L'étude s'est ensuite déplacée vers des animaux vivants pour voir si le blocage de cette voie pouvait améliorer les résultats du traitement. Des souris présentant des tumeurs de la tête et du cou ont été traitées avec un médicament qui inhibe l'USP8, soit seul, soit en combinaison avec un médicament d'immunothérapie standard ciblant le point de contrôle PD-1. Les résultats ont été frappants. Alors que le médicament d'immunothérapie seul avait un effet modeste, et que l'inhibiteur d'USP8 seul ne réduisait pas significativement les tumeurs, la combinaison des deux traitements a provoqué une réduction spectaculaire des tumeurs. Chez ces souris, les tumeurs étaient remplies d'un nombre beaucoup plus élevé de lymphocytes T CD8+ actifs par rapport aux autres groupes. Les chercheurs ont découvert que l'inhibiteur d'USP8 fonctionnait en restaurant les niveaux du messager CXCL2, ce qui a permis au système immunitaire de localiser et d'attaquer enfin le cancer.
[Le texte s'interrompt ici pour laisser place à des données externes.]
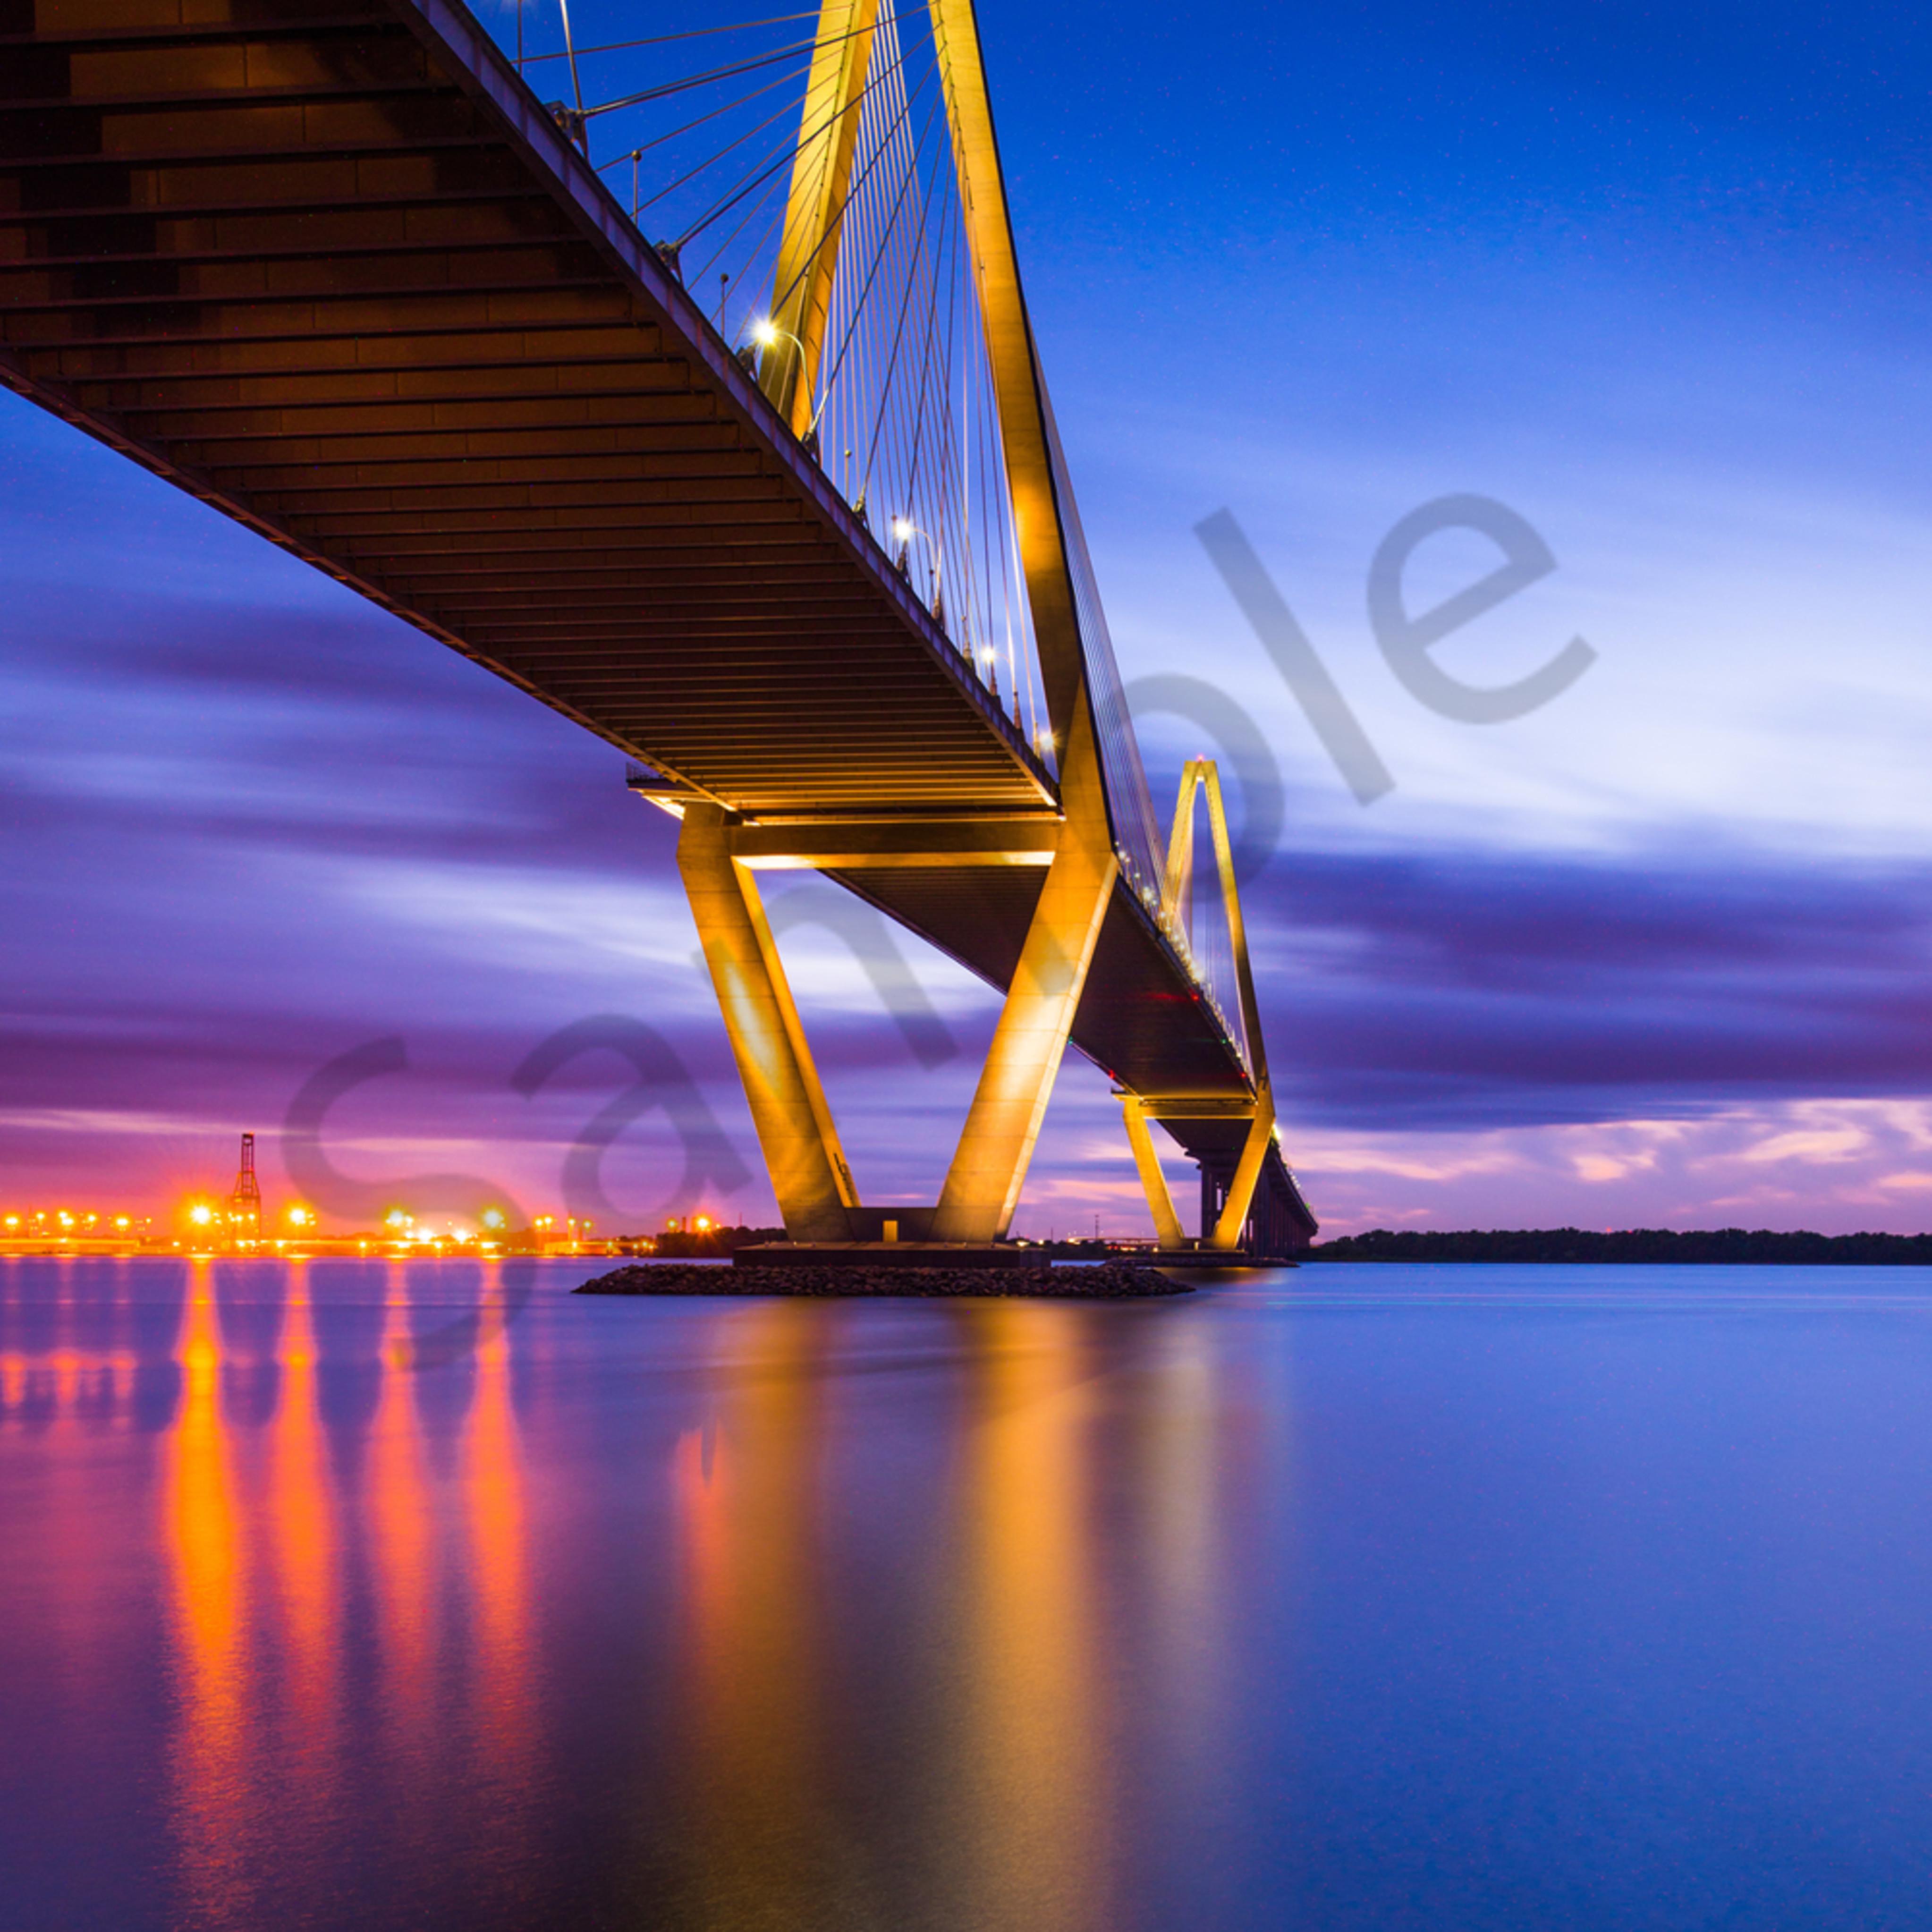 Davidknightphotography ocean beaches sunset atlantic pier 79 ant8w4

Cela suggère que les deux médicaments travaillent ensemble de manière complémentaire : l'un lève les freins du système immunitaire, tandis que l'autre ouvre la porte, permettant aux soldats d'entrer dans la forteresse.
Ce travail oriente vers une nouvelle façon de penser le traitement des cancers résistants. L'étude établit que l'interaction entre l'USP8, la PRSS35 et le CXCL2 est un moteur critique de l'évasion immunitaire dans le cancer de la tête et du cou. Bien que le médicament utilisé dans les expériences, le PR-619, soit un inhibiteur large qui affecte de nombreuses protéines, le rôle spécifique de l'USP8 dans cette voie offre une cible claire pour de futurs médicaments plus précis. Les chercheurs ont également noté que la mesure des niveaux d'USP8 dans la tumeur d'un patient pourrait aider à prédire qui bénéficierait le plus de ce type de thérapie combinée. Bien que l'étude ait été menée sur des souris et un nombre limité de patients humains, les conclusions fournissent une base solide pour développer des stratégies afin de surmonter la résistance dans le cancer de la tête et du cou. En comprenant le verrou moléculaire spécifique qui maintient le système immunitaire à l'extérieur, les scientifiques peuvent désormais travailler à la création de la clé pour le laisser entrer.